In conclusion, we believe that dual combination therapy with T-VEC and SMI compounds may slow down cell cycle progress and lead to G1 arrest in NC cells, as one possible way to suppress Myc. In this process, the CDK4/6i palbociclib could be supportive by modulation of Rb and causing cell cycle arrest. P300/CBP inhibitors, such as GNE-781, may also be beneficial by co-regulating the cell cycle along this pathway. In addition, enhanced oncolysis by dual combination therapy could also be part of the downregulation of Myc expression, as the loading control bands are still clearly visible, albeit slightly diminished (Figure 5). However, further experiments and many more investigations are needed to confirm this first data set and to transfer it to other NC cancer cell lines, including those that do not carry BRD4 as a fusion partner, which may uncover additional co-actors and novel therapeutic targets. Furthermore, a genetically engineered mouse model (GEMM) of NC, involving the BRD4-NUT fusion gene, has very recently been developed for the first time [61]. With this important contribution, previous preclinical studies could be transferred in vivo as well to evaluate further mechanistic results, but access is currently limited.
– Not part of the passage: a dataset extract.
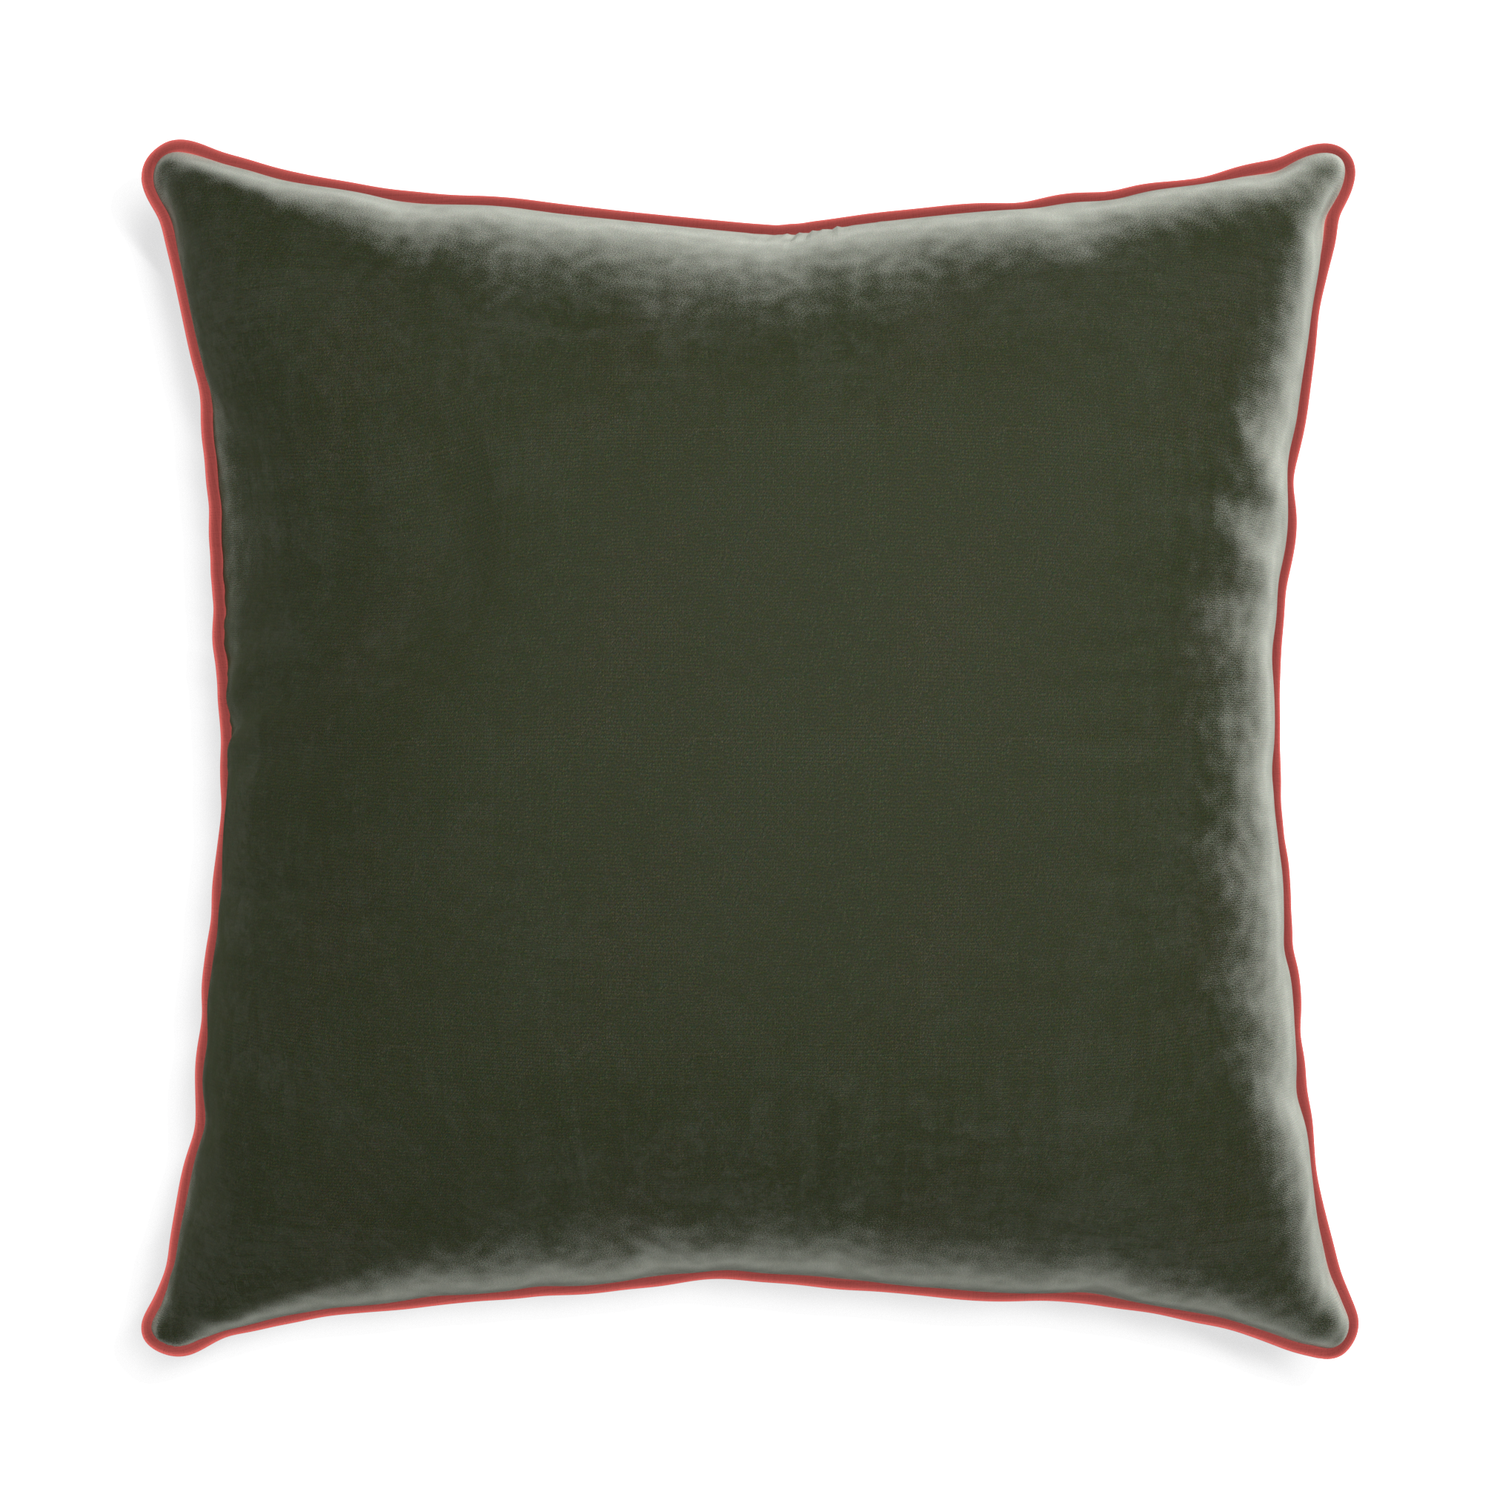 Euro-sham fern velvet custom pillow with c piping on white background

Nevertheless, it still remains possible to test our combinatorial approaches in patient-derived NC tumor cells or thereby establish organoid models and thus achieving improvements in therapeutic application.

5. Conclusions

Our promising in vitro results suggest that combinatorial approaches using the oncolytic virus T-VEC and SMIs (such as vorinostat, panobinostat, fimepinostat, GNE-781, or palbociclib) have great potential for future multimodal treatment approaches and may provide better success for the treatment of this highly challenging NC tumor type.

Supplementary Materials

The following supporting information can be downloaded at: https://www.mdpi.com/article/10.3390/v16050775/s1, Figure S1: Viability of human NC cell line HCC2429 after monotherapeutic treatment with five small molecule inhibitors (SMIs); Figure S2: Viability of human NC cell line 143100 after monotherapeutic treatment with five small molecule inhibitors (SMIs); Figure S3: Viability of human NC cell line 10-15 after monotherapeutic treatment with five small molecule inhibitors (SMIs); Figure S4: Viability of human NC cell line 690100 after monotherapeutic treatment with five small molecule inhibitors (SMIs); Figure S5: Viability of human NC cell line 14169 after monotherapeutic treatment with five small molecule inhibitors (SMIs); Figure S6: Viability of human NC cell lines after monotherapeutic treatment with T-VEC; Figure S7: Viability of human NC cell line 690100 after dual combination treatment with T-VEC and small molecule inhibitors (SMIs); Figure S8: Viability of human NC cell line 14169 after dual combination treatment with T-VEC and small molecule inhibitors (SMIs); Figure S9: Real-time analysis of 143100 NC tumor cells under treatment with T-VEC alone or under dual combination therapies with the small molecule inhibitors (SMIs); Figure S10: Real-time analysis of 10-15 NC tumor cells under treatment with T-VEC alone or under dual combination therapies with the small molecule inhibitors (SMIs); Figure S11: Real-time analysis of 690100 NC tumor cells under treatment with T-VEC alone or under dual combination therapies with the small molecule inhibitors (SMIs); Figure S12: Real-time analysis of 14169 NC tumor cells under treatment with T-VEC alone or under dual combination therapies with the small molecule inhibitors (SMIs); Figure S13: Raw immunoblot data for the detection of c-Myc (Myc) after treatment of HCC2429 cells for 24 h with T-VEC and small molecule inhibitors (SMIs) alone or in dual combination; Figure S14: Raw immunoblot data for the detection of c-Myc (Myc) protein after treatment of HCC2429 cells for 48 h with T-VEC and small molecule inhibitors (SMIs) alone or in dual combination; Figure S15: Raw immunoblot data for the detection of c-Myc (Myc) protein after treatment of HCC2429 cells for 72 h with T-VEC and small molecule inhibitors (SMIs) alone or in dual combination.

Author Contributions

Conceptualization, J.B., S.B. and U.M.L.; validation, J.B., S.B. and U.M.L.; formal analysis, S.S. and S.B.; investigation, S.S., I.S. and A.S.; writing—original draft preparation, S.S.; writing—review and editing, J.B., S.B. and U.M.L.; supervision, J.B., S.B. and U.M.L.; project administration, U.M.L.; funding acquisition, J.B., S.B. and U.M.L. All authors have read and agreed to the published version of the manuscript.

Funding

This research was funded by the Deutsche Forschungsgemeinschaft (DFG, German Research Foundation)—514598620. S.S. is funded by the intramural Interdisziplinäres Zentrum für Klinische Forschung (IZKF, Interdisciplinary Center for Clinical Research) scholarship of the Medical Faculty of the University of Tübingen. IZKF has the aim to support and fund highly qualified MD students who are undertaking their experimental MD thesis work in renowned laboratories.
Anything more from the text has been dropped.